The ambient temperature sensing element is also disposed on the substrate 10 and adjacent to the infrared sensing unit 11. For example, the ambient temperature sensing element is adjacent to the cold end of the thermopile sensing unit. The ambient temperature sensing element is used for sensing an ambient temperature and converting the ambient temperature into a second sensing signal, and the infrared sensing unit 11 compensates the first sensing signal according to the second sensing signal generated by the ambient temperature sensing element, so as to obtain a more accurate sensing temperature of the object. In one embodiment, the ambient temperature sensing element comprises at least one Schottky diode. For example, in the embodiment shown in FIG. 1, the ambient temperature sensing element includes four Schottky diode arrays 12a, 12b, 12c, 12d connected in series with each other, wherein each Schottky diode array 12a, 12b, 12c, 12d may include one or more Schottky diodes connected in series with each other. The equivalent circuit of the environment temperature sensing element is shown in fig. 2, wherein the voltage variation generated by the environment temperature sensing element (i.e. 12a, 12b, 12c, 12d) with the environment temperature can be outputted to the outside through the conductive contacts 13a, 13 b. In one embodiment, the ambient temperature sensing element comprises 2 to 40 Schottky diodes connected in series, and preferably, the ambient temperature sensing element comprises 20 to 30 Schottky diodes connected in series.

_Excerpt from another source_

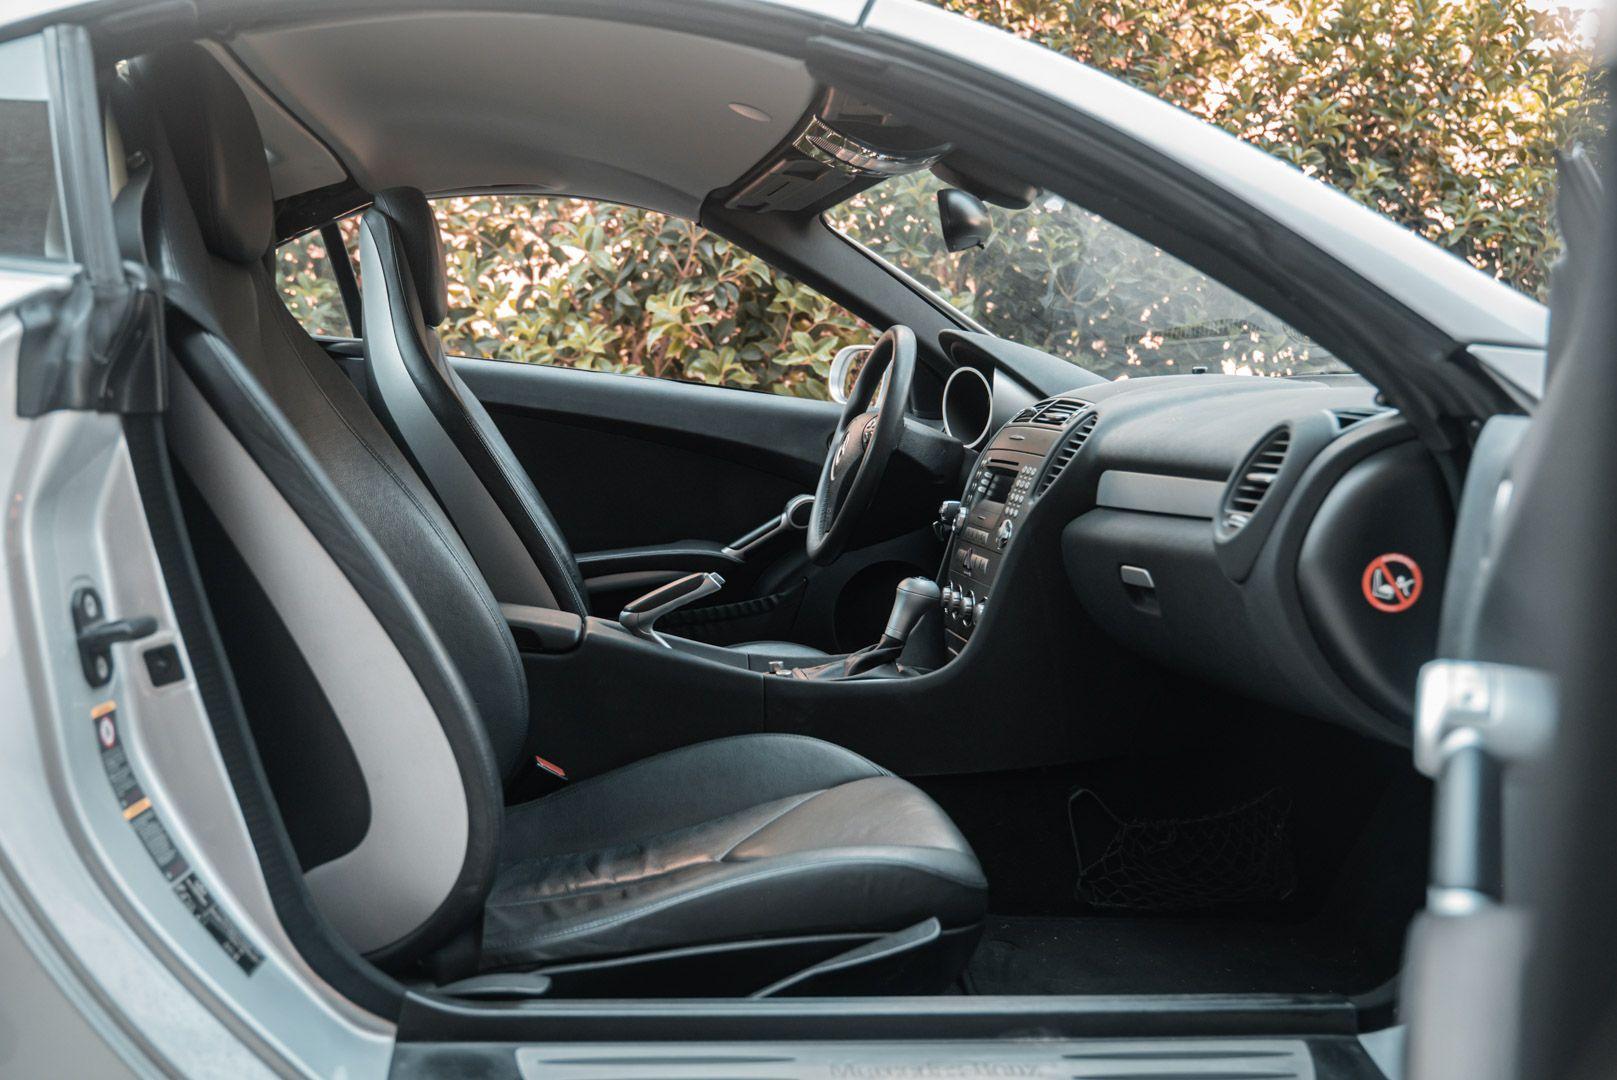 2004 Mercedes Benz SLK 200 Kompressor 80683

Referring to fig. 2, in an embodiment, a resistor R is serially connected to one end (e.g., a high voltage end) of the schottky diode array, so as to adjust a bias current flowing through the resistor R after the power Vdd is outputted, thereby changing the bias voltage of the schottky diode array. For example, the resistance R may range from 100K to 1M ohms, and the Schottky diode array may be biased at between 0.6-1.8V. It will be appreciated that appropriate connections to the constant current source may also be used to adjust the bias voltage of the schottky diode array to the appropriate operating range.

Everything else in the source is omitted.